The tax changes passed by Congress at the end of 2017 involve major changes to the way most people itemize deductions. The combination of the increase of the standard deduction to $24,000 or more, the limitation to $10,000 on the amount of state and local taxes that can be deducted and a few other changes, means that only an estimated 10% of taxpayers will itemize in 2018, compared to the 30% of taxpayers who itemized before the tax law went into effect.1
These changes may have a significant impact on charitable giving because a donor who does not itemize deductions receives no tax benefit for his or her charitable contributions. Major donors, those who give around $15,000 or more per year, will largely be unaffected by these changes since these donors likely will continue to itemize. However, many smaller givers will lose significant tax breaks for their charitable giving.
Most donors give without consideration to the tax benefit, but if you are going to give, you should look for ways to find some tax benefits even if you no longer itemize. Here are some ideas to consider, from simple solutions to more complex strategies.
Use Your IRA
If you are older than 70 ½ and have a traditional IRA, you should consider using the IRA to make direct contributions to your charity. We have written about this strategy in the past. If the IRA custodian pays the charity directly, the distribution does not appear on your federal tax return as income, putting you in the same (or better) position than if you took the distribution, paid tax on it, made the contribution, and then deducted the contribution. There also can be state income tax (especially in Ohio) and other federal tax benefits to this approach, and it is still a great idea even if you do itemize deductions.
Bunch Your Contributions
You should consider bunching multiple years’ worth of contributions into a single year. For example, if you normally give $5,000 to a charity, you could donate $15,000, $25,000 or even $50,000 in a single year, maximizing the deduction in that year, and then use the standard deduction in the other years. Of course, you should let the charity know what you are doing and to not expect contributions in later years.

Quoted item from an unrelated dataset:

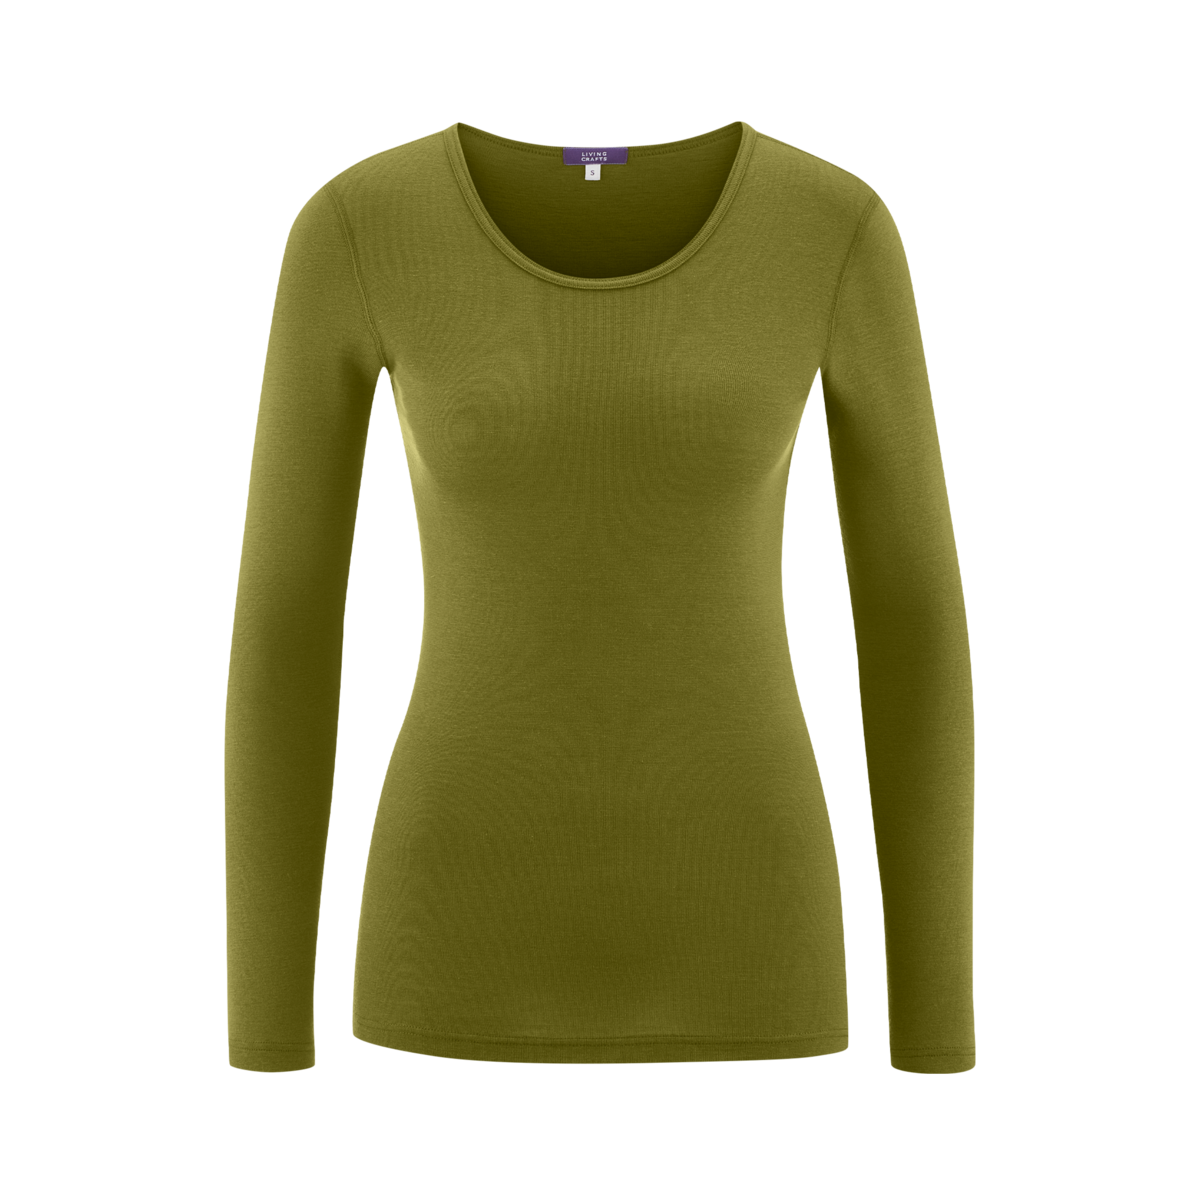 Green Long-sleeved shirt, BIANCA
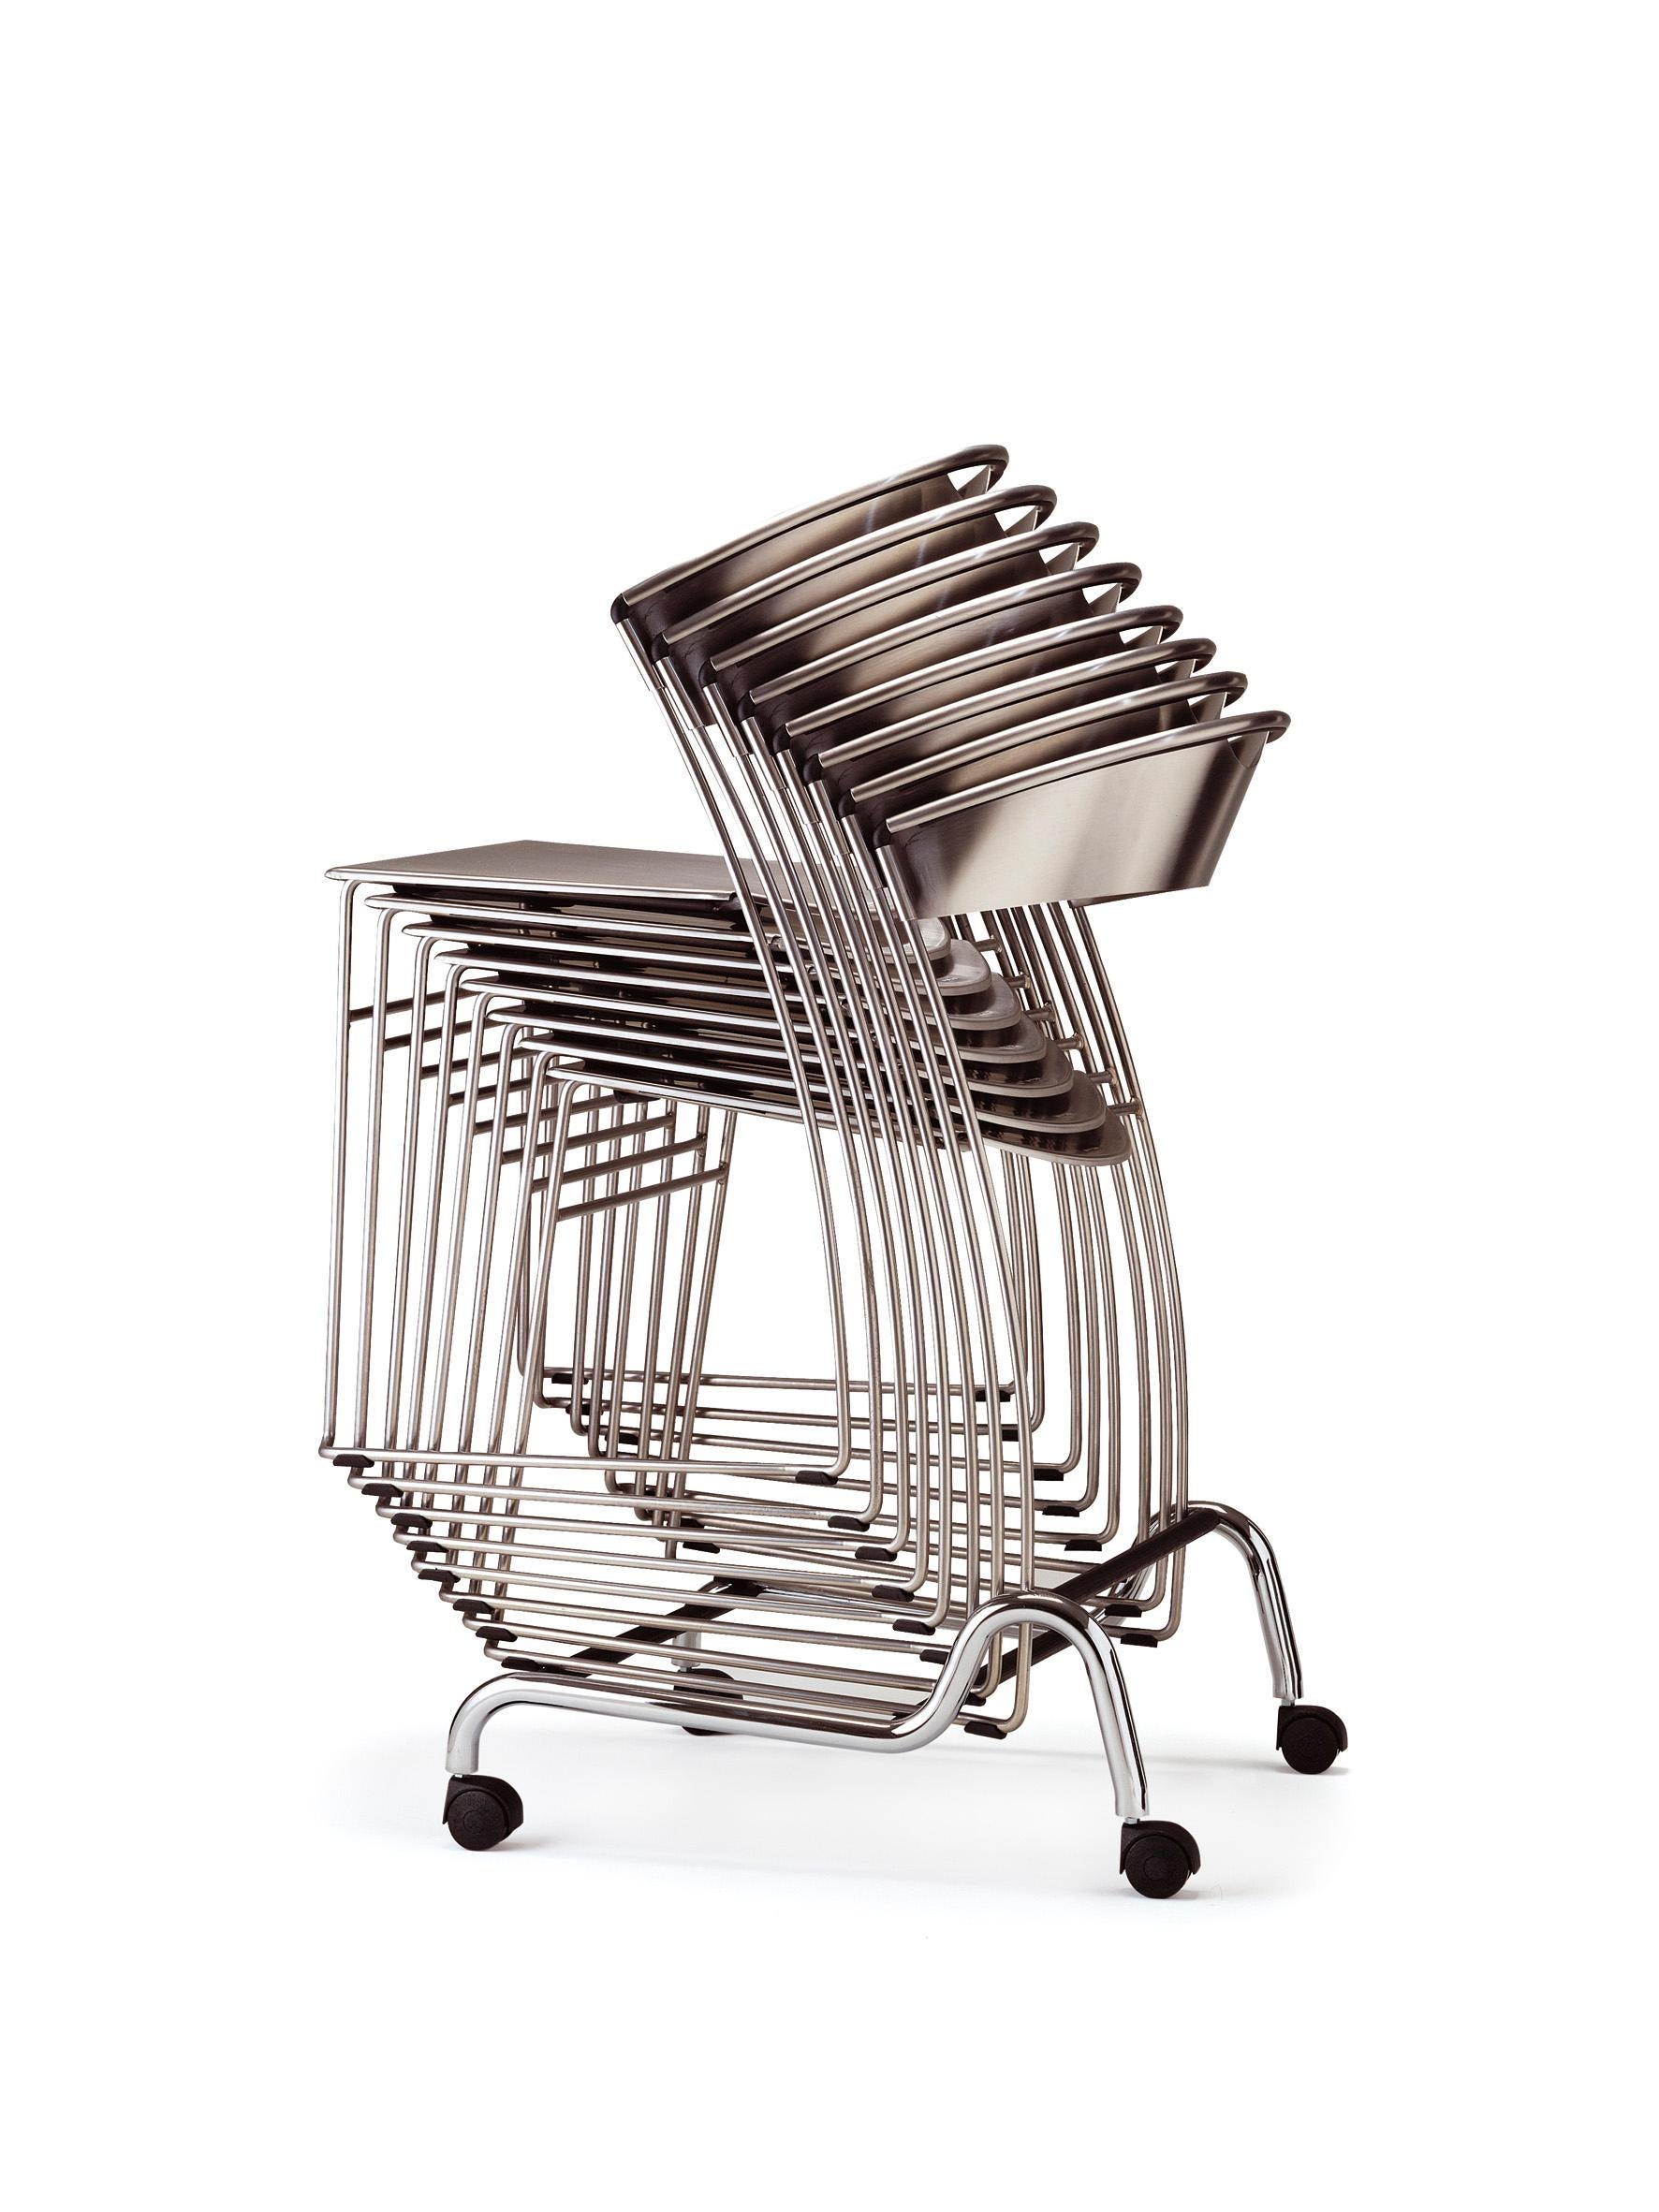  Baleri Italia Juliette Stackable Chair in Black Steel by Hannes Wettstein For Sale 6

If you can, consider this this approach in a year when you have other deductible expenses, such as large medical expenses.
Use Appreciated Securities
The tried and true approach of using appreciated long-term securities to fund your gifts remains valid even if you do not itemize. By using appreciated stock, you avoid the capital gain tax on the sale, even if you do not get a deduction. This idea can also save state income taxes in states that use the federal taxable income as the starting point for state income tax (like Ohio).
Use a Donor Advised Fund
The rationale behind this idea is the same as the one for bunching contributions, but now you “pre-fund” your donations through a Donor Advised Fund (DAF). When you fund a DAF, you give money to a public charity, which agrees to hold the money to fund future donations to other charities as directed (technically, as “advised”) by you. The charitable donation deduction is triggered in the year you fund the DAF, not when the funds are distributed to the ultimate charitable beneficiary. As a result, you can get a large itemized deduction in the year that you fund the DAF, and then use the standard deduction after that. You can use appreciated securities to fund the DAF (with some restrictions), thereby increasing the tax value. Many charities sponsor DAF programs, including the charitable arms of Fidelity and Schwab, two of the custodians we use here at Ancora. There are some administrative fees associated with DAFs, and you should consider these when determining whether to fund a DAF and how much you should give.
Use a Trust
This last idea is the most complex and carries the concept behind bunching contributions and funding a DAF one step further. You could use what is called a “non-grantor” or “complex” trust to fund your future charitable giving. A non-grantor trust is a trust that pays the income tax on its income at trust tax rates. Normally, these trusts are avoided in planning since they pay the maximum tax rate at relatively low levels of income. However, if the trust distributes all its income to a beneficiary, then the trust gets a deduction for the distribution, and the income tax is paid by the beneficiary. If the beneficiary is a charity that pays no tax, no income tax is due on the trust’s income.
Here’s an example. Let’s say you normally give $4,000 to $10,000 a year to charities. You set up a non-grantor trust and fund it with $200,000. (This is a taxable gift requiring the filing of a gift tax return and the use of some of your lifetime gift and estate tax exemption.) The trust gives you the power to distribute income to charities and names your children as the ultimate and discretionary beneficiaries. The trust assets are invested in high dividend producing stocks, as an example, and in the first year produces $6,000 in taxable income. All the taxable income is distributed to various charities. You pay no income tax because the trust income is not included on your return, the trust pays no income tax because it distributes all its income, and the charity receives the money just like it would normally. The tax impact to you is identical (if not better) than making a tax-deductible charitable gift. You do have to give up the use of the money you give to the trust during your lifetime, just like funding a DAF, but, unlike a DAF, the trust assets ultimately stay in the family. There are some state tax issues that must be considered, so this is a strategy that must be carefully vetted by your trust attorney and tax advisor.
As is always the case with taxes, each situation is different, and you should consult with your attorney and/or tax advisor before adopting any strategy discussed in this article.
1Source: Tax Policy Center Report T18-0009, Impact on the Tax Benefit of Charitable Deduction of H.R.1, The Tax Cuts and Jobs Act, By Expanded Cash Income Level, January 18, 2018.